- What does it consist of?
- Average kinetic energy
- Vapor pressure
- Heat of vaporization of water
- From ethanol
- From acetone
- Of cyclohexane
- Of benzene
- From toluene
- Of hexane
- References
The heat vaporization or enthalpy of vaporization is the energy that a gram of liquid substance must absorb at its boiling point at constant temperature; that is, to complete the transition from the liquid to the gas phase. It is usually expressed in the units j / g or cal / g; and in kJ / mol, when talking about the molar enthalpy of vaporization.
This concept is more everyday than it seems. For example, many machines, such as steam trains, work on the energy released by water vapor. Large masses of vapor can be seen rising skyward on the Earth's surface, like those in the image below.
Source: Pxhere
Also, the vaporization of sweat on the skin cools or refreshes due to the loss of kinetic energy; which translates into a drop in temperature. The feeling of freshness increases when the breeze blows, as it removes the water vapor from the drops of sweat more quickly.
The heat of vaporization depends not only on the amount of substance, but on its chemical properties; especially, of molecular structure, and the type of intermolecular interactions present.
What does it consist of?
The heat of vaporization (ΔH vap) is a physical variable that reflects the cohesion forces of the liquid. Cohesion forces are understood to be those that hold molecules (or atoms) together in the liquid phase. Volatile liquids, for example, have weak cohesion forces; while those of water are very strong.
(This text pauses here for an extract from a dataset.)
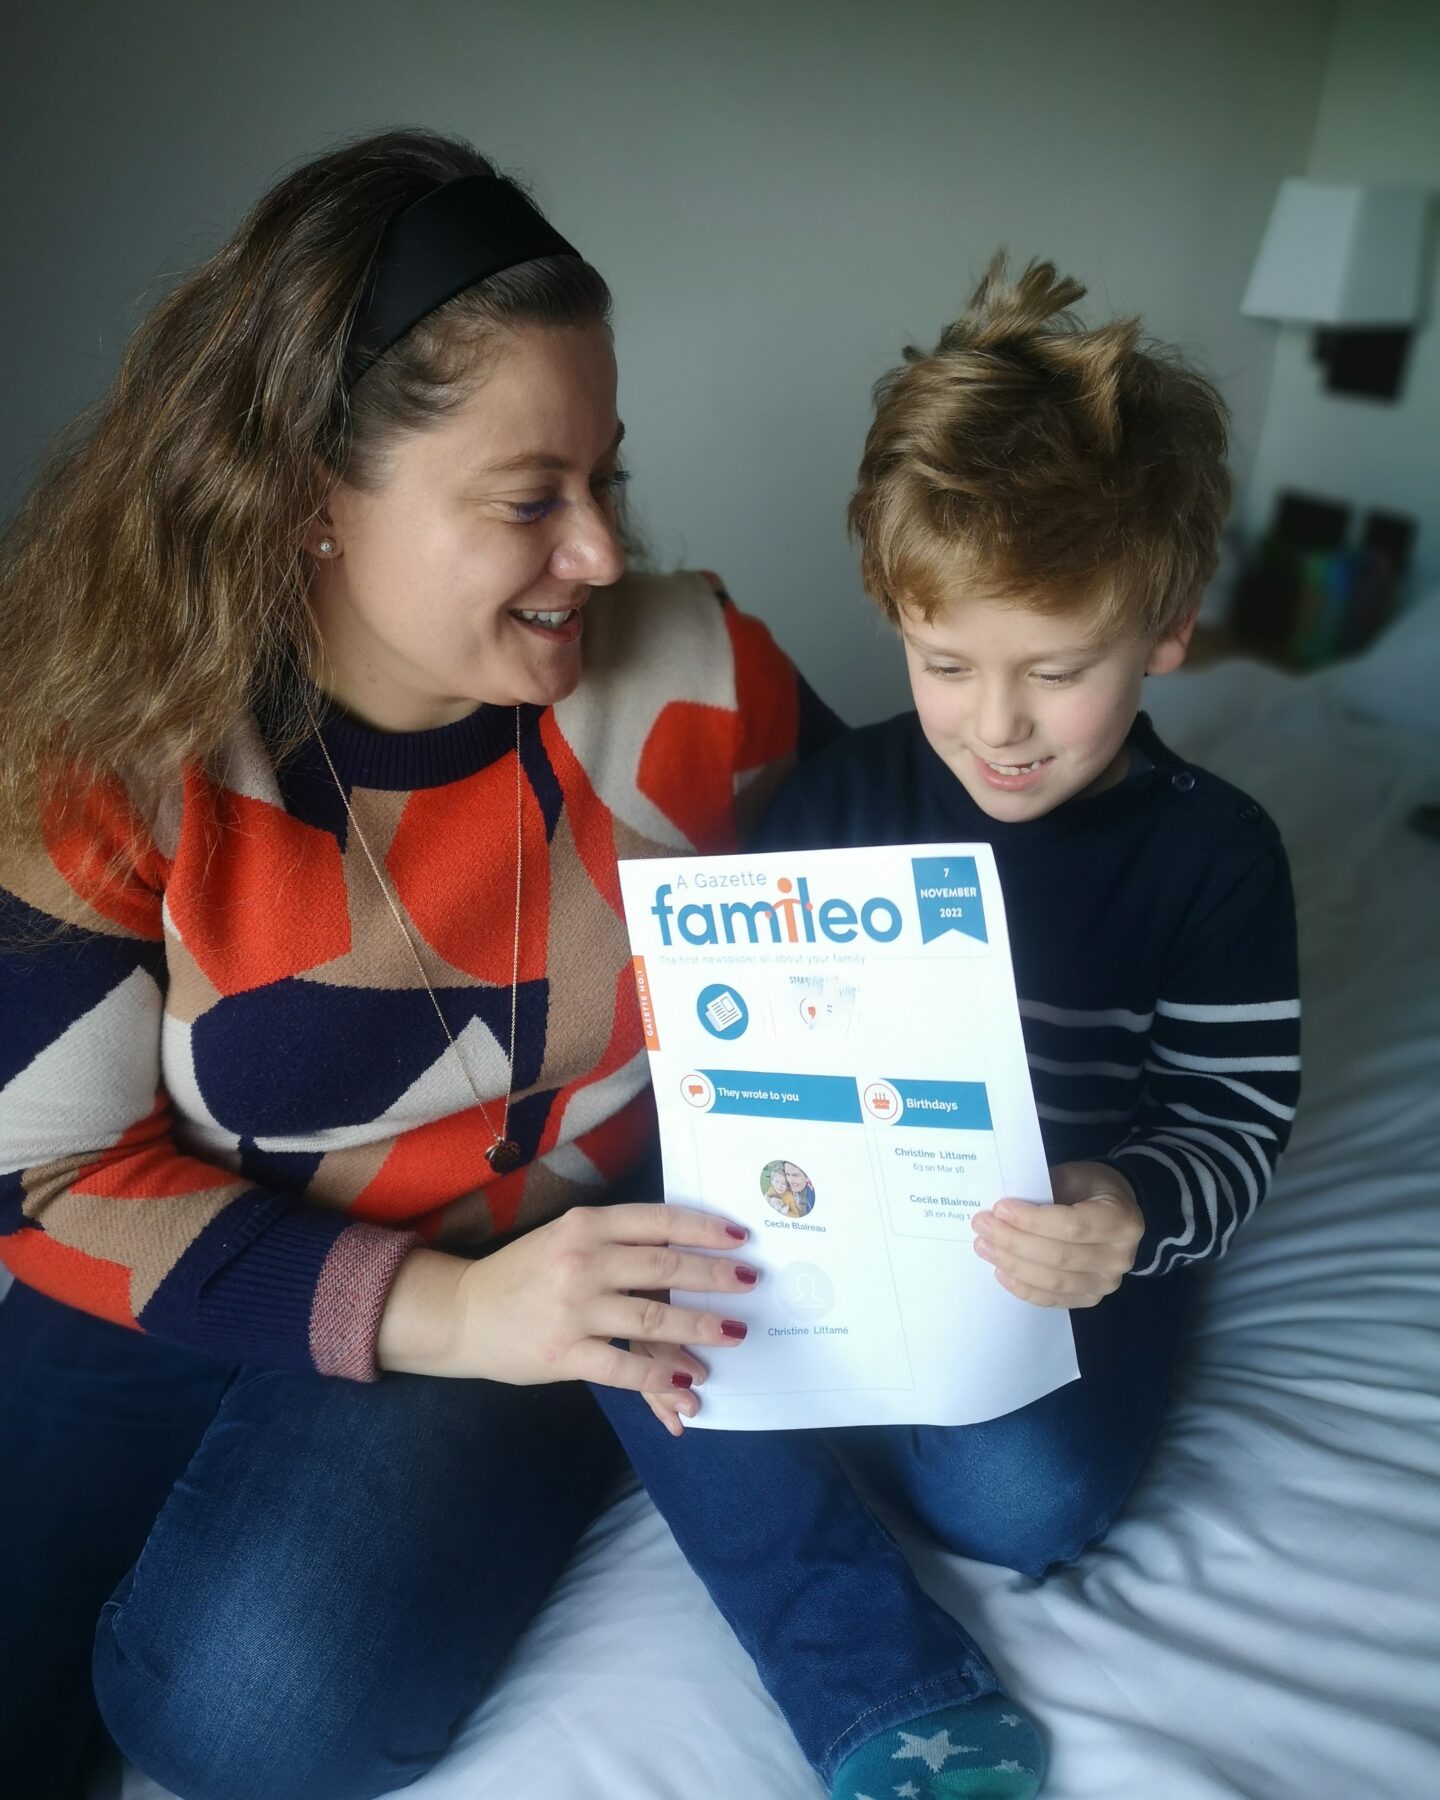 Famileo Subscription, Famileo Newspaper, Family Newspaper, Share News, Photo App, Family App, the Frenchie Mummy, Mother's Day Present, Mother's Day Giveaway, Win, Competition, Family News, Expat Life, App Review

What is the reason that one liquid is more volatile than another and that, as a result, it needs more heat to completely evaporate at its boiling point? The answer lies in the intermolecular interactions or Van der Waals forces.
Depending on the molecular structure and the chemical identity of the substance, its intermolecular interactions vary, as well as the magnitude of its cohesion forces. To understand this, different substances with different ΔH vap must be analyzed.
Average kinetic energy
The cohesion forces within a liquid cannot be very strong, otherwise its molecules would not vibrate. Here, "vibrate" refers to the free and random movement of each molecule in the liquid. Some go slower, or faster than others; that is, they do not all have the same kinetic energy.
Therefore, we speak of an average kinetic energy for all the molecules of the liquid. Those molecules fast enough will be able to overcome the intermolecular forces that hold it in the liquid, and will escape into the gaseous phase; even more so, if they are on the surface.
Once the first molecule M with high kinetic energy escapes, when the average kinetic energy is estimated again, it decreases.
Why? Because as the faster molecules escape into the gas phase, the slower ones remain in the liquid. Higher molecular slowness equals cooling.
Vapor pressure
As M molecules escape to the gas phase, they can return to the liquid; However, if the liquid is exposed to the environment, inevitably all the molecules will tend to escape and it is said that there was an evaporation.
If the liquid is kept in a hermetically sealed container, a liquid-gas equilibrium can be established; that is, the speed with which the gaseous molecules leave will be the same with which they enter.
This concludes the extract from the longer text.